What the task asks: From the listing below, set down exactly the lines between the one holding "22 avril 2011" and the one holding "Для маленьких девочек, для", inclusive. No other line is wanted.

Data for processing:

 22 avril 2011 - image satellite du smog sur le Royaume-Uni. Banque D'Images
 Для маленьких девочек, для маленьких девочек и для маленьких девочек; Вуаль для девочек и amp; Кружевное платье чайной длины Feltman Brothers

* * *

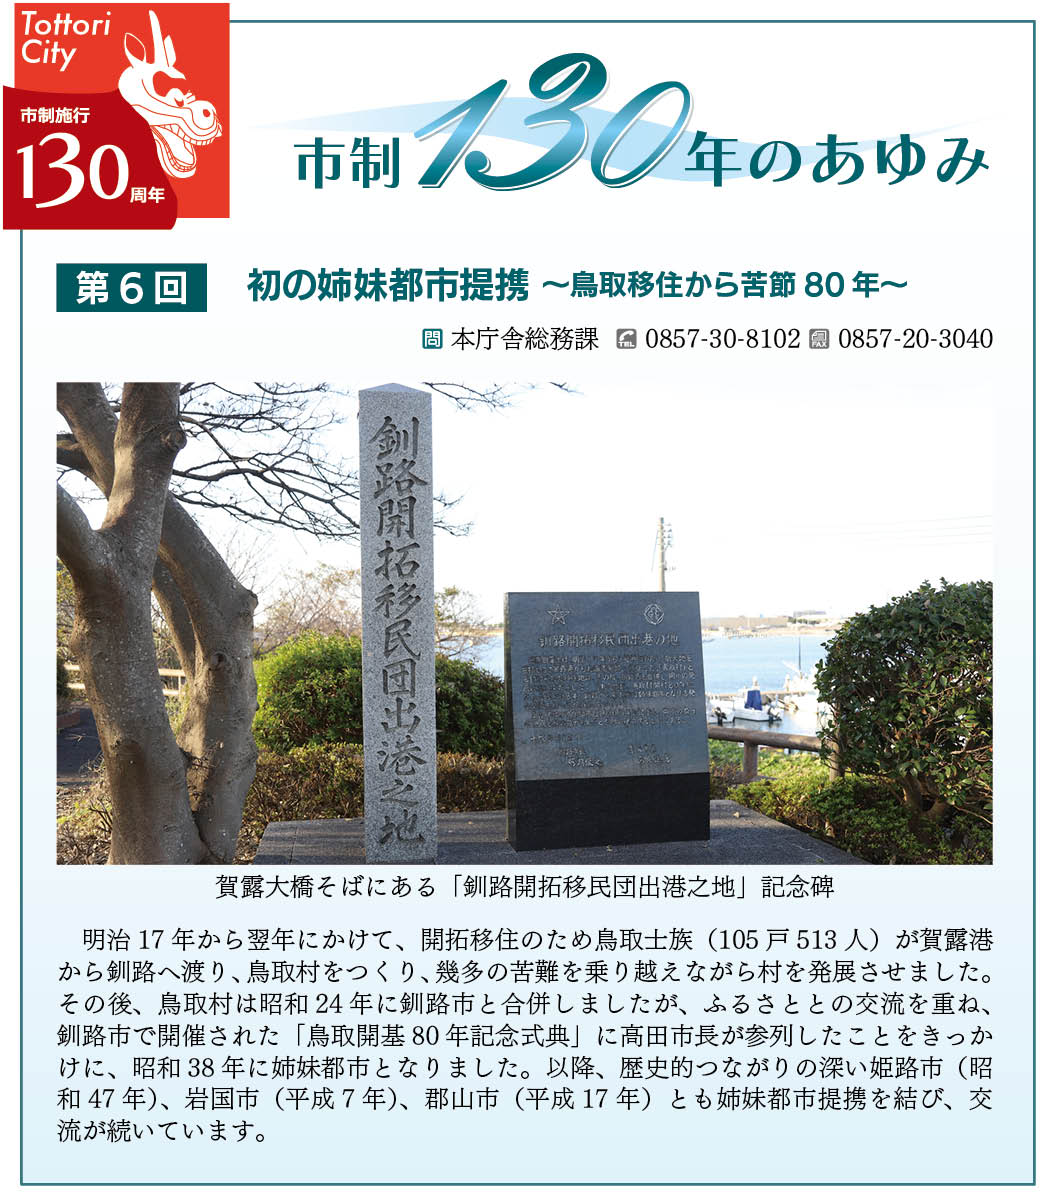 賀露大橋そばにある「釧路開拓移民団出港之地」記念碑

* * *

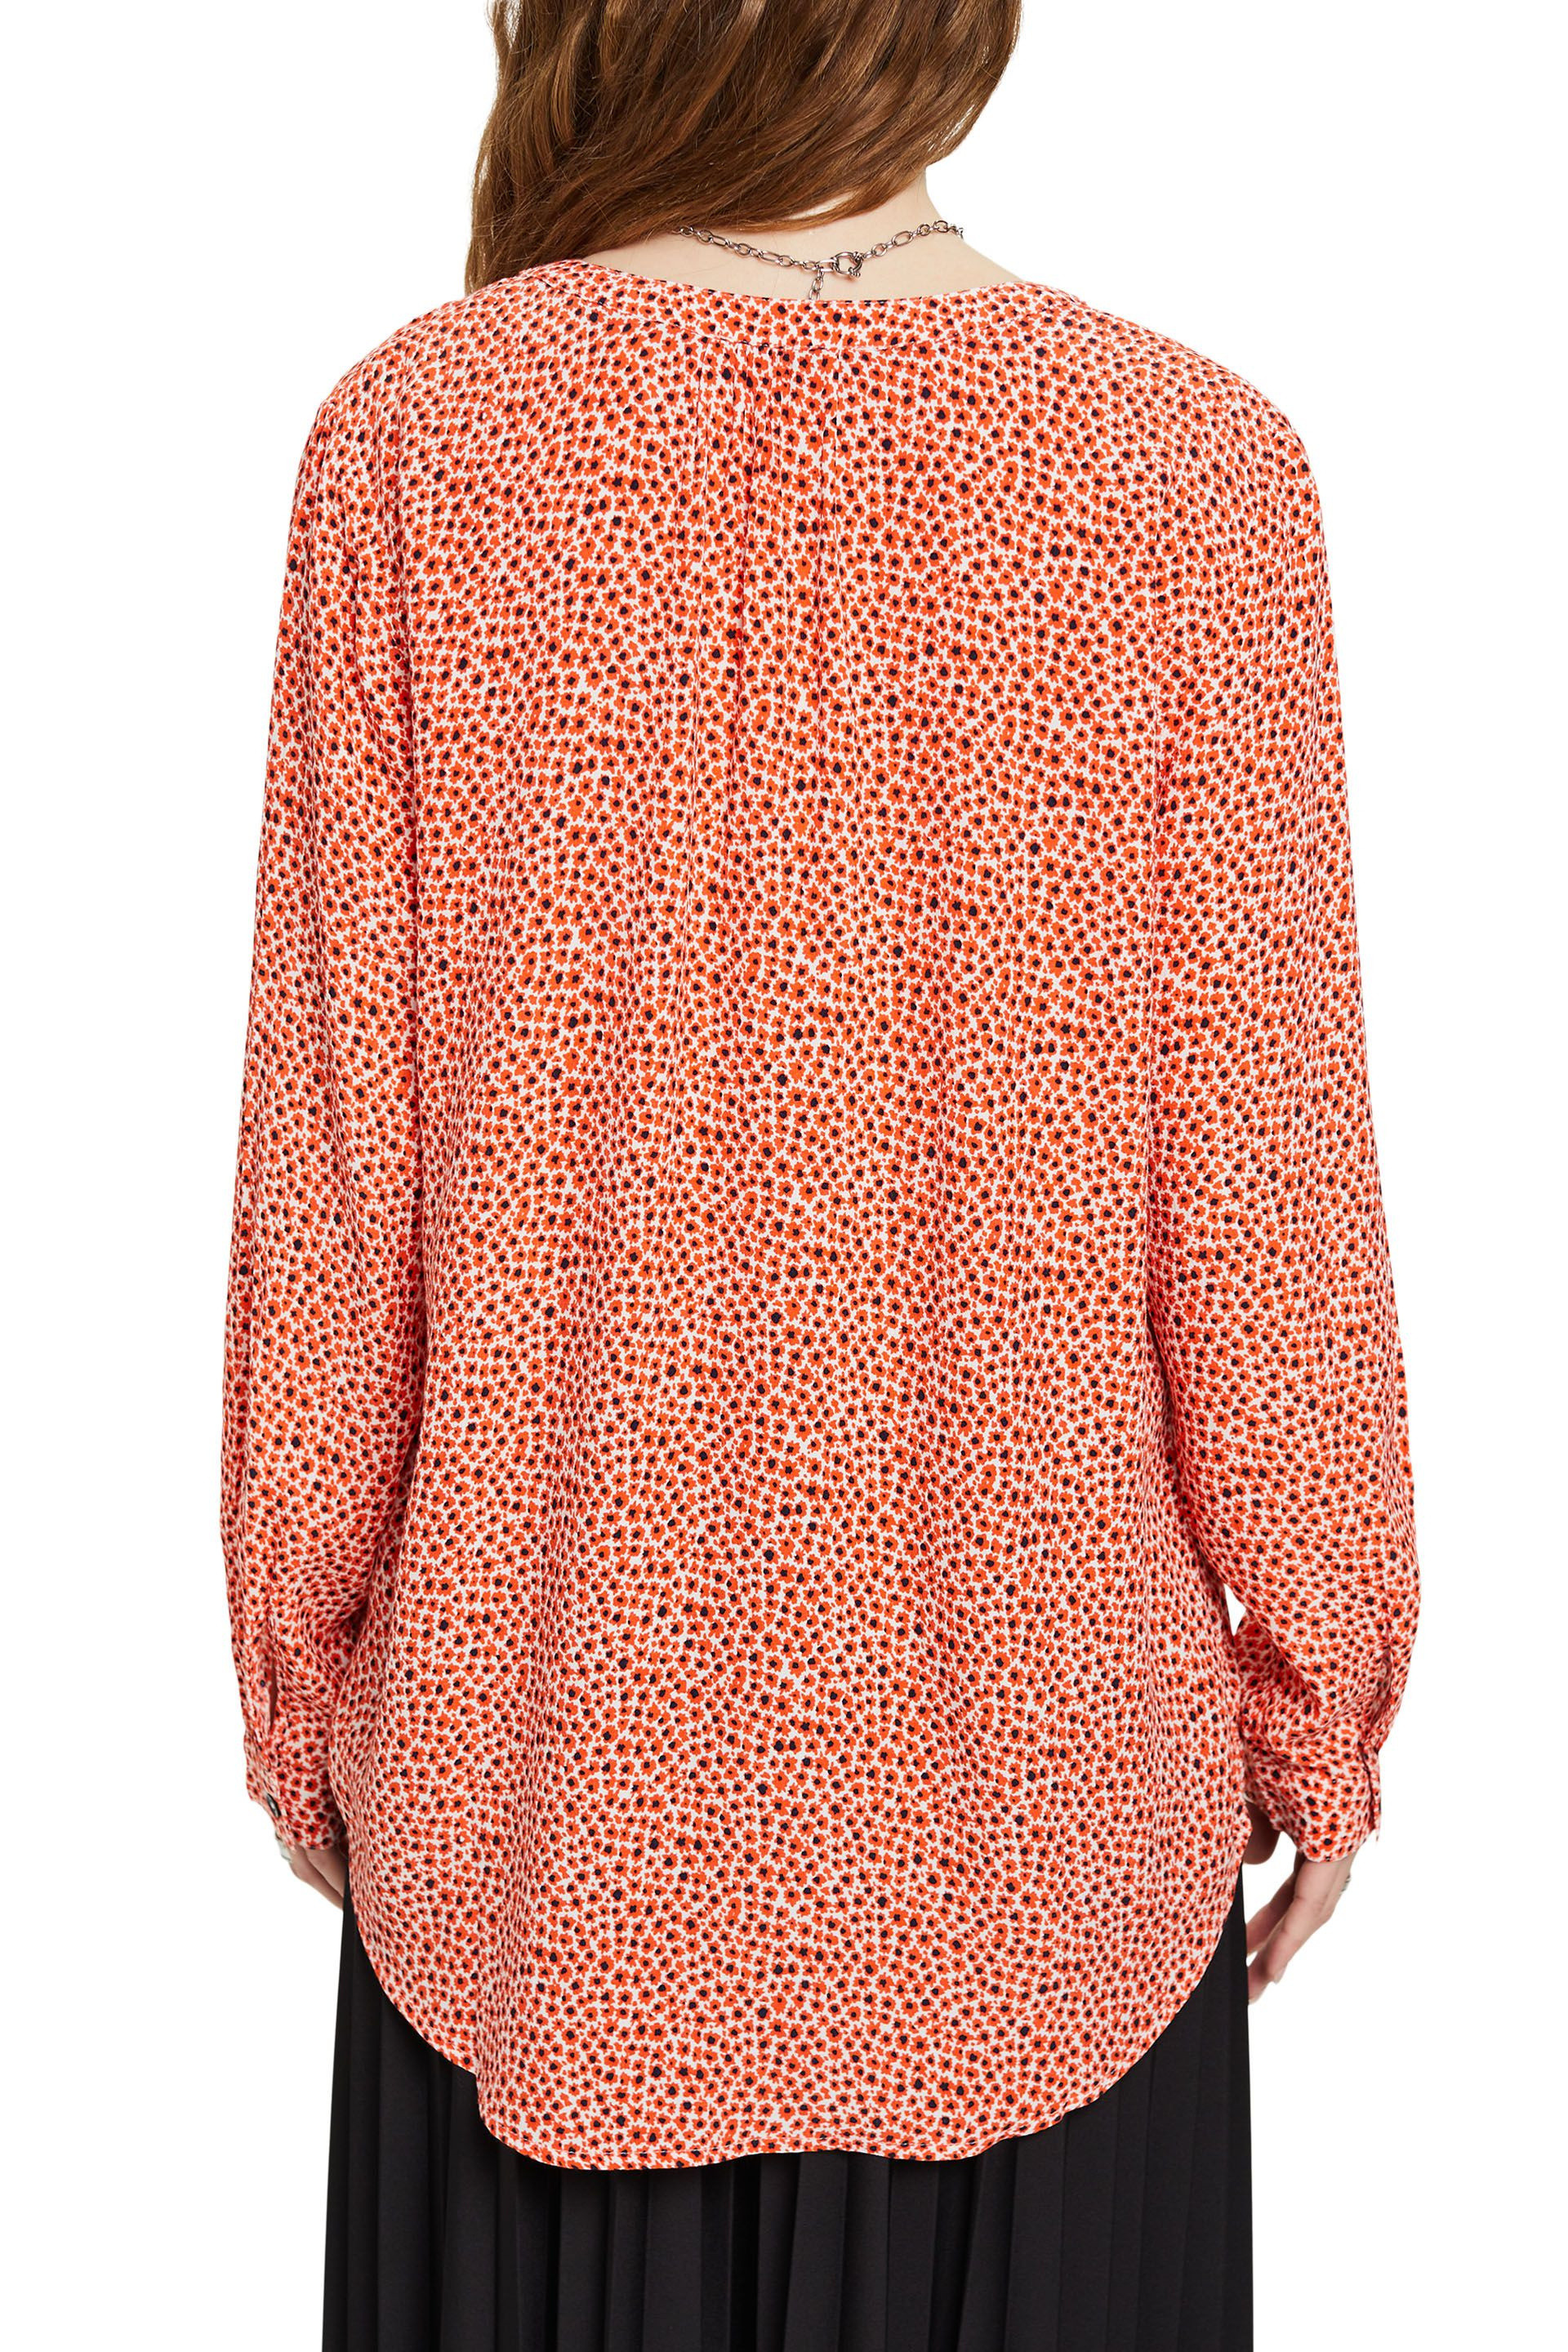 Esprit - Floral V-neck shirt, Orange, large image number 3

Expected answer:
 22 avril 2011 - image satellite du smog sur le Royaume-Uni. Banque D'Images
 Для маленьких девочек, для маленьких девочек и для маленьких девочек; Вуаль для девочек и amp; Кружевное платье чайной длины Feltman Brothers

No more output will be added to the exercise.